Based on the above, consider the case when \(N > M + 1\). Let \(f(K)\) be the number of multisets of non-negative integers with size \(X\), sum \(Y\), maximum value at most \(M\), and containing exactly \(K\) distinct values. Then, the answer is \(\sum_{i=1}^{\min(N, M + 1)} \binom{M + 1 - i}{N - i} f(i)\). Also, since \(1 + 2 + \ldots + n = \frac{n(n + 1)}{2}\), the number of values to consider as \(K\) is \(\mathrm{O}(\sqrt{V})\). If we can find \(g(K)\), the number of multisets of non-negative integers with size \(X\), … and necessarily containing certain \(K\) values, we can also find \(f(K)\) by inclusion-exclusion.

Multisets that necessarily contain certain \(K\) values can be constructed by combining those \(K\) values each taken once and a multiset of size \(X - K\). The \(K\) values taken once can be obtained by adding \(0, 1, \ldots, K - 1\) to the elements of a multiset of size \(K\) and maximum value at most \(M - K + 1\) from smallest to largest, so we can count them by considering \(\binom{M + 1}{K}_q\). The multisets of size \(X - K\) is counted by \(\binom{X + M - K}{X - K}_q\), so \(g(K)\) is the coefficient of \(q^{Y - \frac{K(K - 1)}{2}}\) in \(h_K = \binom{M + 1}{K}_q \binom{X + M - K}{X - K}_q\).
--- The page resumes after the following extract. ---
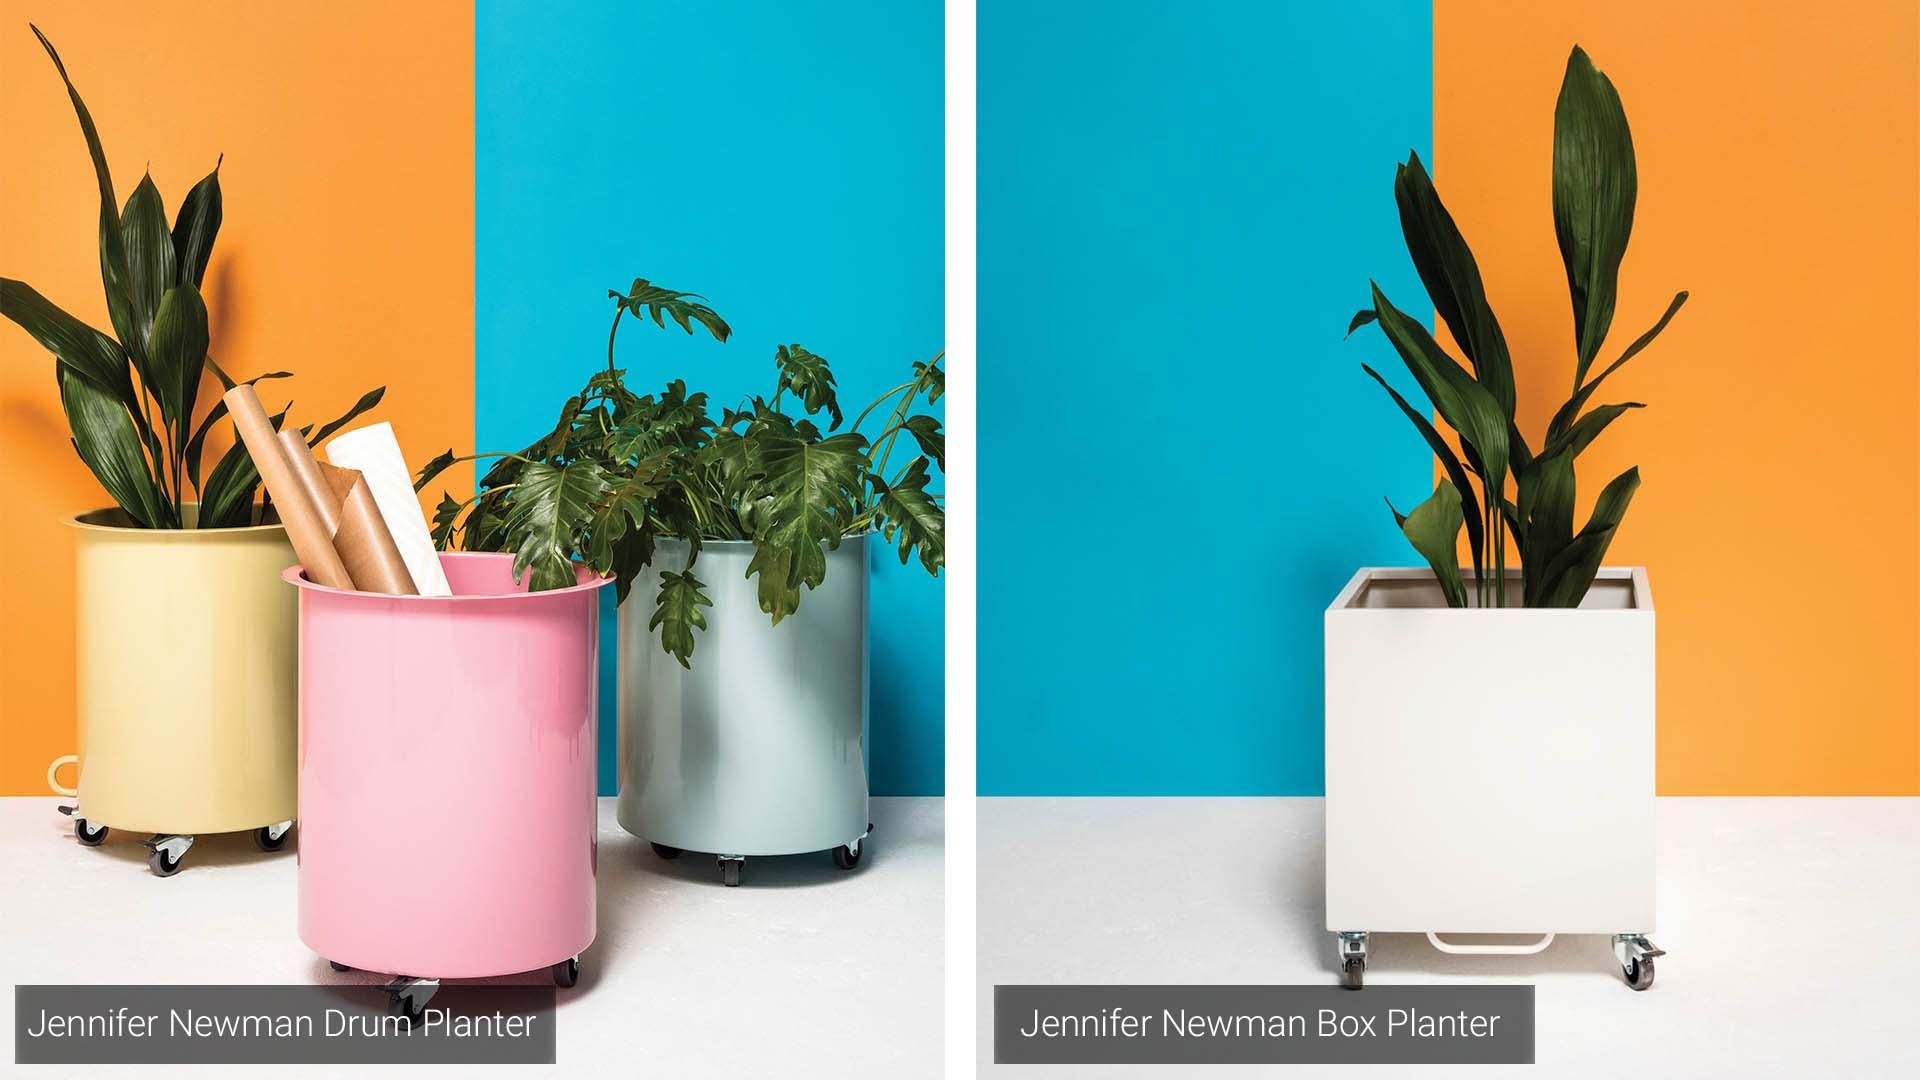 Jennifer Newman Drum & Box Planter

We can compute \(h_1\) using formal power series operations by considering \(h_1' = \log h_1\), computing the product of \((1 - q^i)\) by seeing it as the sum of \(\log(1 - q^i)\), and then finding \(h_1 = \exp(h_1')\), which can be done in \(\mathrm{O}(Y \log Y)\) time. Also, if we find \(h_2, \ldots, h_K\) in order, the differences involve multiplication/division of a constant number of \((1 - q^i)\), so each computation can be done in \(\mathrm{O}(V)\) time. Recalling that the range of \(K\) is \(\mathrm{O}(\sqrt{V})\), the total computation can be done in \(\mathrm{O}(V \sqrt{V})\).